Ballance, discarded by England after playing in the first two Ashes Tests, made serene progress to his highest score since he made 122 in the first Test against West Indies in Antigua in April as Yorkshire reached 346-6 at stumps on the first day.

It was only in the last hour, when Ballance and Tim Bresnan, who was undefeated on 44, that Yorkshire had control. Until then they had certainly needed Ballance’s resilience after Ollie Robinson threatened to undermine his former county.

Robinson was released by Yorkshire at the end of last season after disciplinary problems but the 21-year-old seamer has revelled in his move to Hove. The three wickets he took raised his Championship tally to 44 and he, Chris Jordan – who was playing only his third Championship game of an injury-ruined season – and Steve Magoffin constantly asked questions of Yorkshire’s batsmen.

Ballance came in shortly after lunch with Yorkshire 110-3 and they soon lost their fourth wicket when opener Alex Lees played on to Jordan for an attractive 69 from 120 balls, which included 13 boundaries.

Robinson and Jordan shared the six wickets while Jordan also contributed three catches, two at slip and an outstanding one-handed effort, diving to his right, off his own bowling to remove Jack Leaning for a duck.
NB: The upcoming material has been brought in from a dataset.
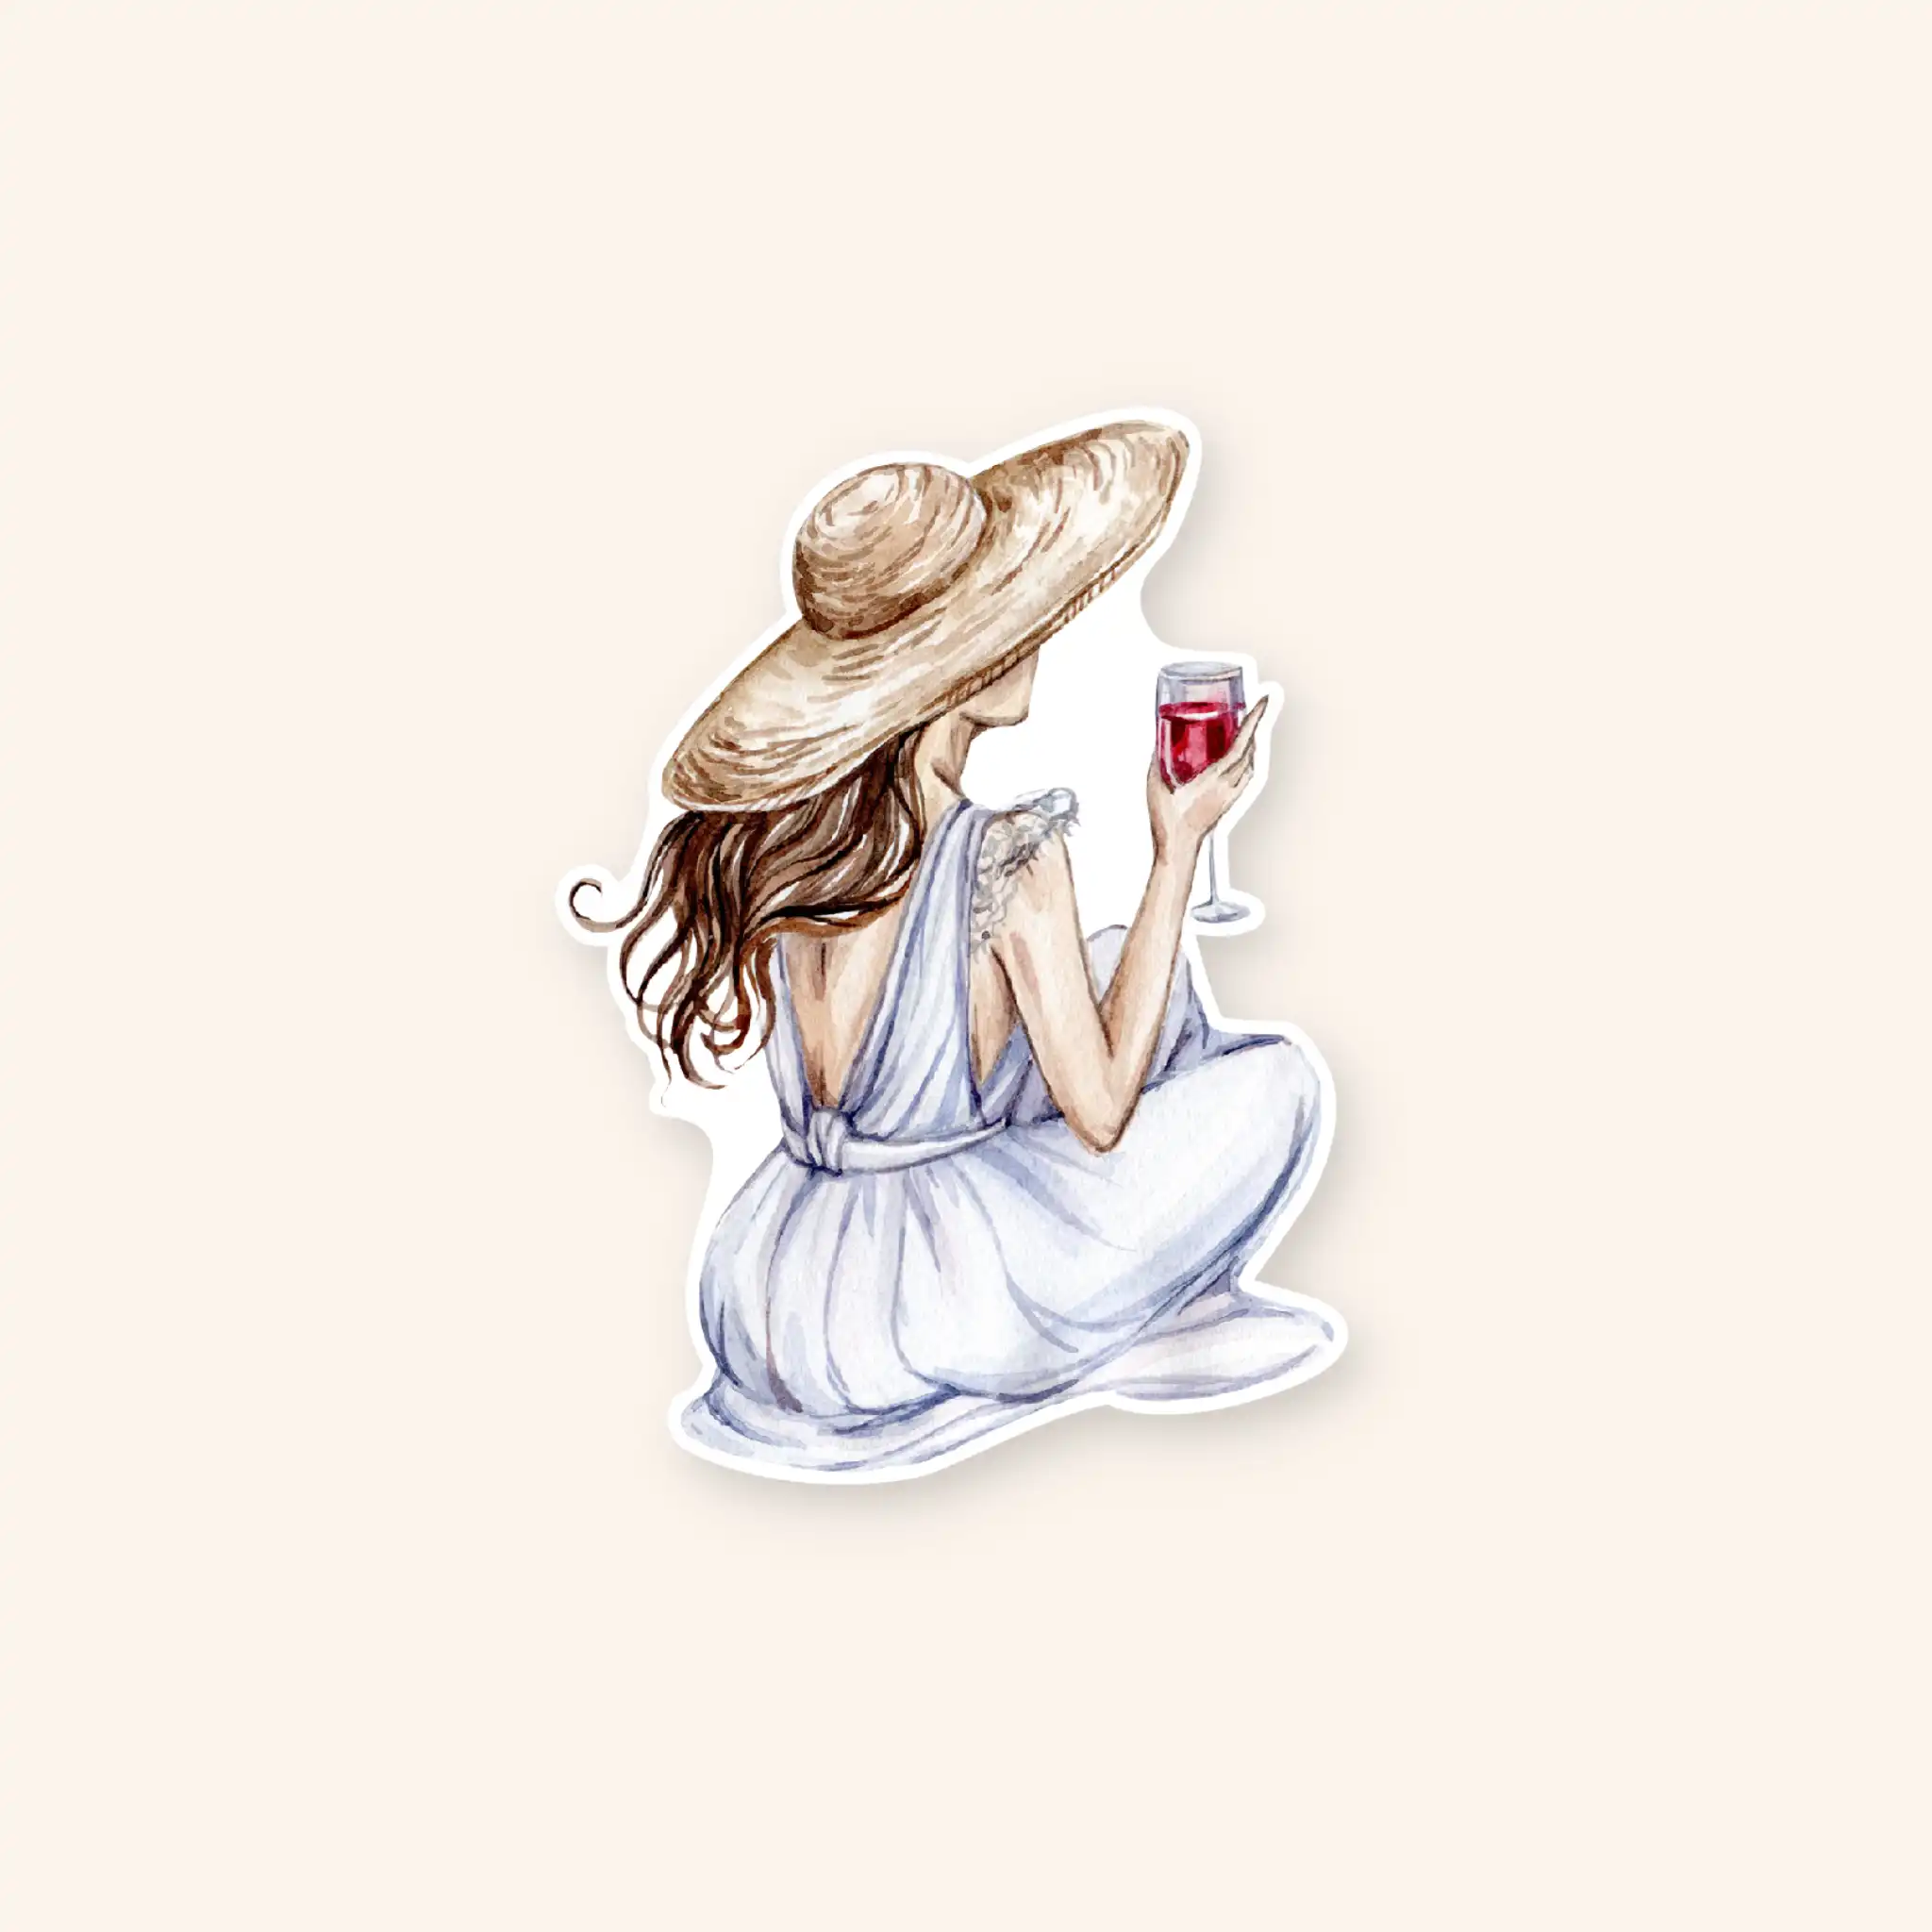 Naljepnica sa motivom djevokje koja sjedi i pije vino.

Robinson had earlier removed opener Andrew Hodd, the former Sussex player who was making his first return to Hove since 2012, for 11 and at 22 for 2 Yorkshire were in trouble.

The problem for Sussex was that Chris Liddle was unable to maintain the pressure imposed by the other three seamers while leg-spinner Luke Wells found little first-day turn. Liddle’s first five over spell cost 31 runs and allowed Gale and Lees, who reached an 80-ball half-century just before lunch, to rebuild in a stand of 88 for the fourth wicket.

Gale looked mortified to be given out leg before after Jordan struck him on the boot in the third over after lunch while Lees could count himself unlucky to be bowled off an inside edge that just did enough to disturb the off bail.

Even Maxwell, in his last Championship game for Yorkshire, found acceleration tough but seemed to be getting to grips with the slow pitch when he edged Robinson to slip for 43.

Adil Rashid (7) was tied down and lost patience, caught behind aiming a big drive at Jordan, but Yorkshire’s admirable batting depth was evident again when Bresnan and Ballance came together.

Robinson switched to bowling off spin for two overs in search of a breakthrough before taking the new ball but Ballance and Bresnan negotiated it comfortably enough. Ballance has so far hit 11 fours and an upper cut off Jordan over third man, which brought up his 50, and faced 191 balls.